3 minute read
Joanna Streetly
Joanna Streetly Prose Poetry: the Mystery Cat of Poetic Forms
B: The thing is it doesn’t have a definition.
B: Sure it does. A poem without lines.
B: Well that includes all of prose.
B: Right. “Conversation About the Definition of a Prose Poem on Woodpecker Trail at Coralville Lake at the End of March, the Wind Rising” —Robert Hass
One night in bed I searched “prose poetry” on my phone after reading the work of Robert Hass. This gave me answers like: a composition written in prose that contains elements of poetry. Clearly, if I wanted specifics I wasn’t going to find them from my bed. I pulled out In Fine Form, by BC poets Kate Braid and Sandy Shreve. I was not alone in seeking clarity; the authors wrote:
“When we began looking into prose poetry for this edition, it seemed few poets agreed precisely what distinguishes it from prose. Often it came down to ‘it just feels like poetry to me.’”
Intrigued, I called Kate Braid, who referred me to Robert Hass’s A Little Book on Form. This book details prose poetry from Coleridge in 1802 and Baudelaire in the 1860s, to present day. “It is part of an evolution,” Kate said. “When free verse came in everyone said, ‘That’s not poetry because it doesn’t rhyme.’ Now people say, ‘That’s not poetry because it doesn’t have line breaks.’ But in fact it’s just another move.
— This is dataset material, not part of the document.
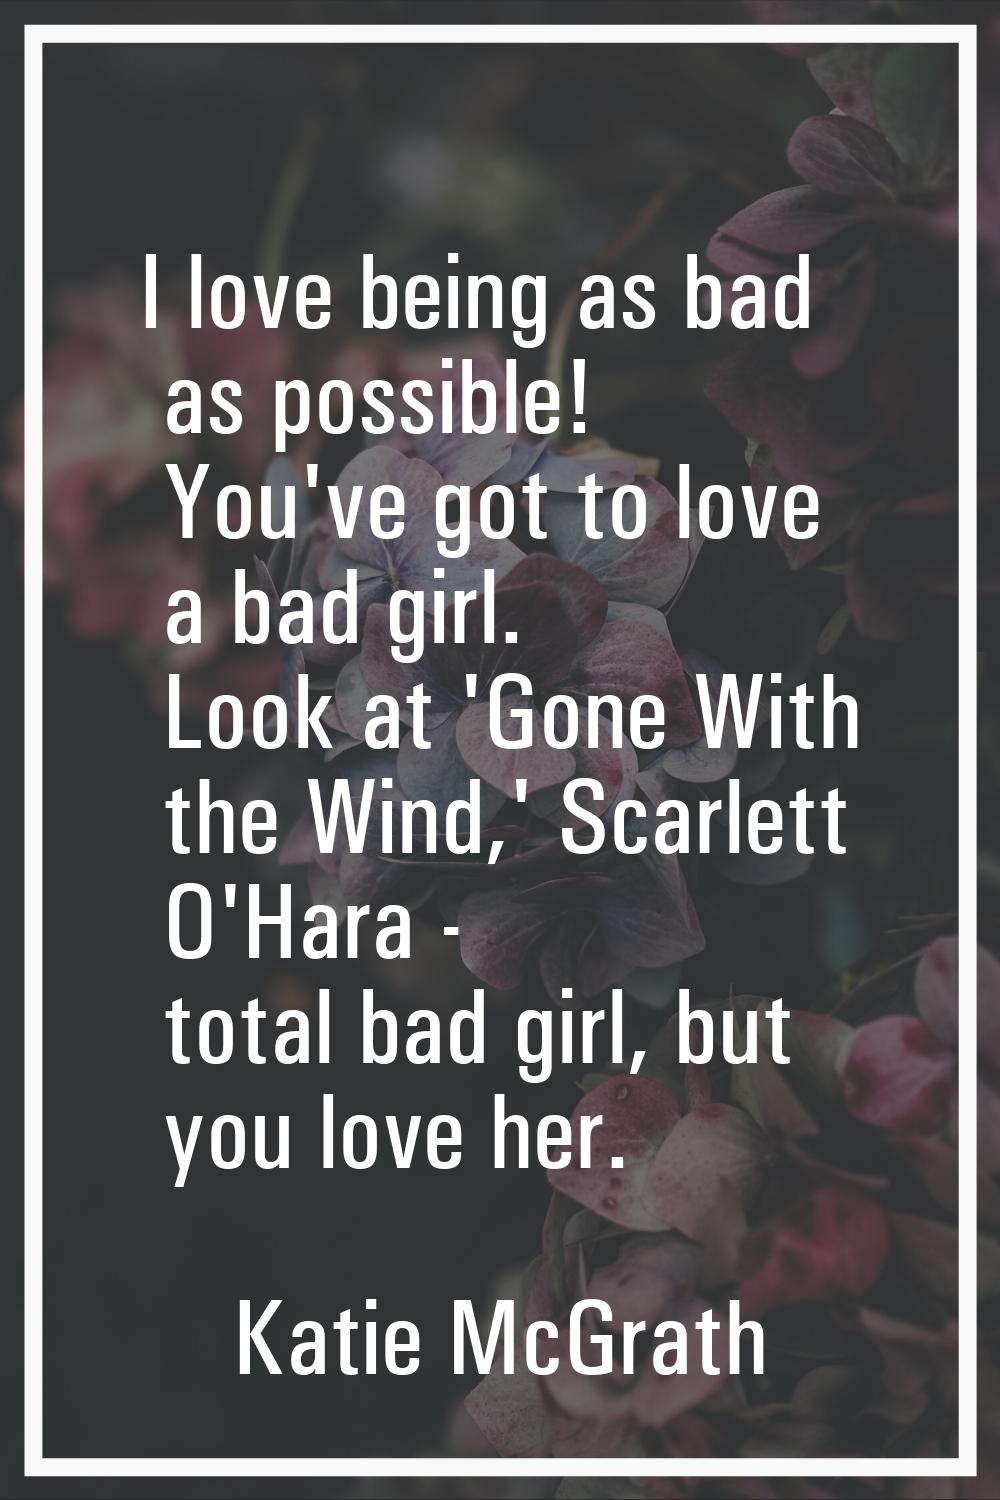 I love being as bad as possible! You've got to love a bad girl. Look at 'Gone With the Wind,' Scarl

Poets are curious and we want to know what’s underneath so we push the edges.”
I reached out to Eve Joseph, whose brilliant collection of prose poems, Quarrels won the 2019 Griffin Prize. “Those definitions do not catch the essence of the form,” she sympathized. “The form argues against narrative and demands something else of the poet. The prose poems I love make enormous leaps in logic and ask the reader to go along for the ride. They are not ‘nonsensical’ pieces; rather, they tap into the illogical in order to reveal the ordinary strangeness in all of our lives.” With prose poems the lack of line breaks makes reading them a new experience for the eye. “The prose poem, written in sentences, not lines, immediately challenges the writer to make a block of text into something other than a paragraph,” says Eve. “It’s where the magic of the form comes in. The square block of text visually sets up an expectation that the poet has to work against. It’s this internal tension that one reaches for when working with the form.”
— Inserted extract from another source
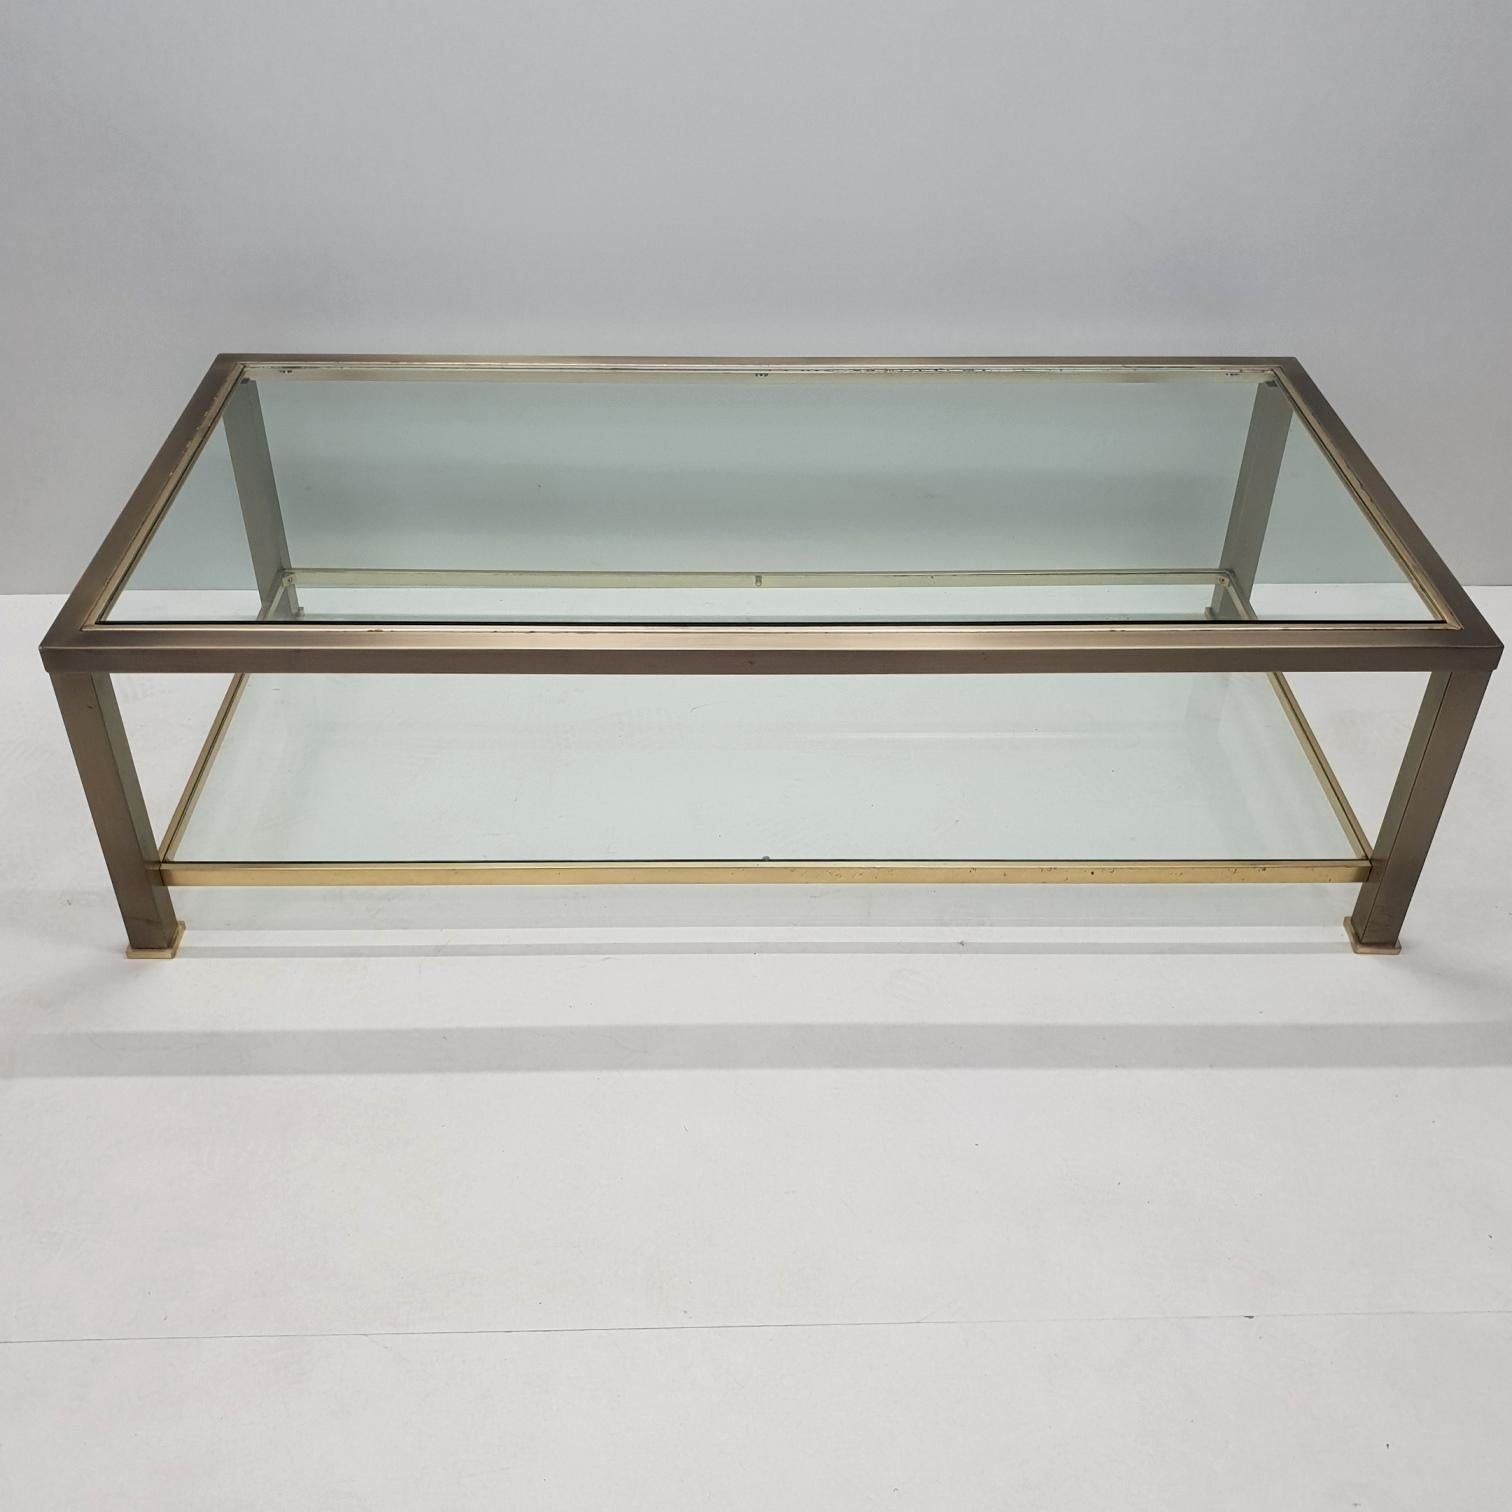 Belgian Brass 2-Tiers Coffee Table with Cut Glass from Belgo Chrom, 1980s For Sale

About the form, Robert Hass writes: “The paragraph as a formal device differs from the stanza in that the proposition of the paragraph is unity.” Eve seeks to create that unity through association. “One of the great opportunities,” she says, “is that the form forces you to explore ways to explode narrative into pieces at the same time it demands that you follow the unconscious and make it visible. In his book about writing, Reality Hunger: A Manifesto, David Shields suggests that momentum can be derived not from narrative, but from a build-up of thematic resonances. I worked at placing nonlinear lines close to each other, trusting that a deeper, associative thread would develop. I also tried to place clauses or phrases one after another without conjunctions. I wanted sparks to fly between words and sentences without being slowed down.”
Of course definitions cannot capture prose poetry; poetry has always resisted capture. Understanding a form requires reading it and writing it. But there is also the thrill of the future—the opportunity to participate in prose poetry’s evolution.
Red-Winged Blackbird In Frost
This morning I saw a photograph of a red-winged blackbird in frost. It was singing and the silhouette of its beak formed the mathematical symbol for greater than. At first I thought it was serenading the husk of a flower. Then I saw that the shape was song made visible. In the frosted glow of winter sun, breath flowed out like ectoplasm, the ghost in the song—generations of ghosts making notes as distinct as the red wing on a black bird. I saw this after making breakfast for my teenaged daughter, stirring oats at the stove while she gazed at last night’s snowfall, wondering if the school bus would be cancelled. I don’t want to go to school, she said, and already she was listing the things she could do with this snowy day. She leaped so far into the future with her plans that when I told her school was open, she argued with me as if I were the school board. Tell it to the birds, I said, our song floating there.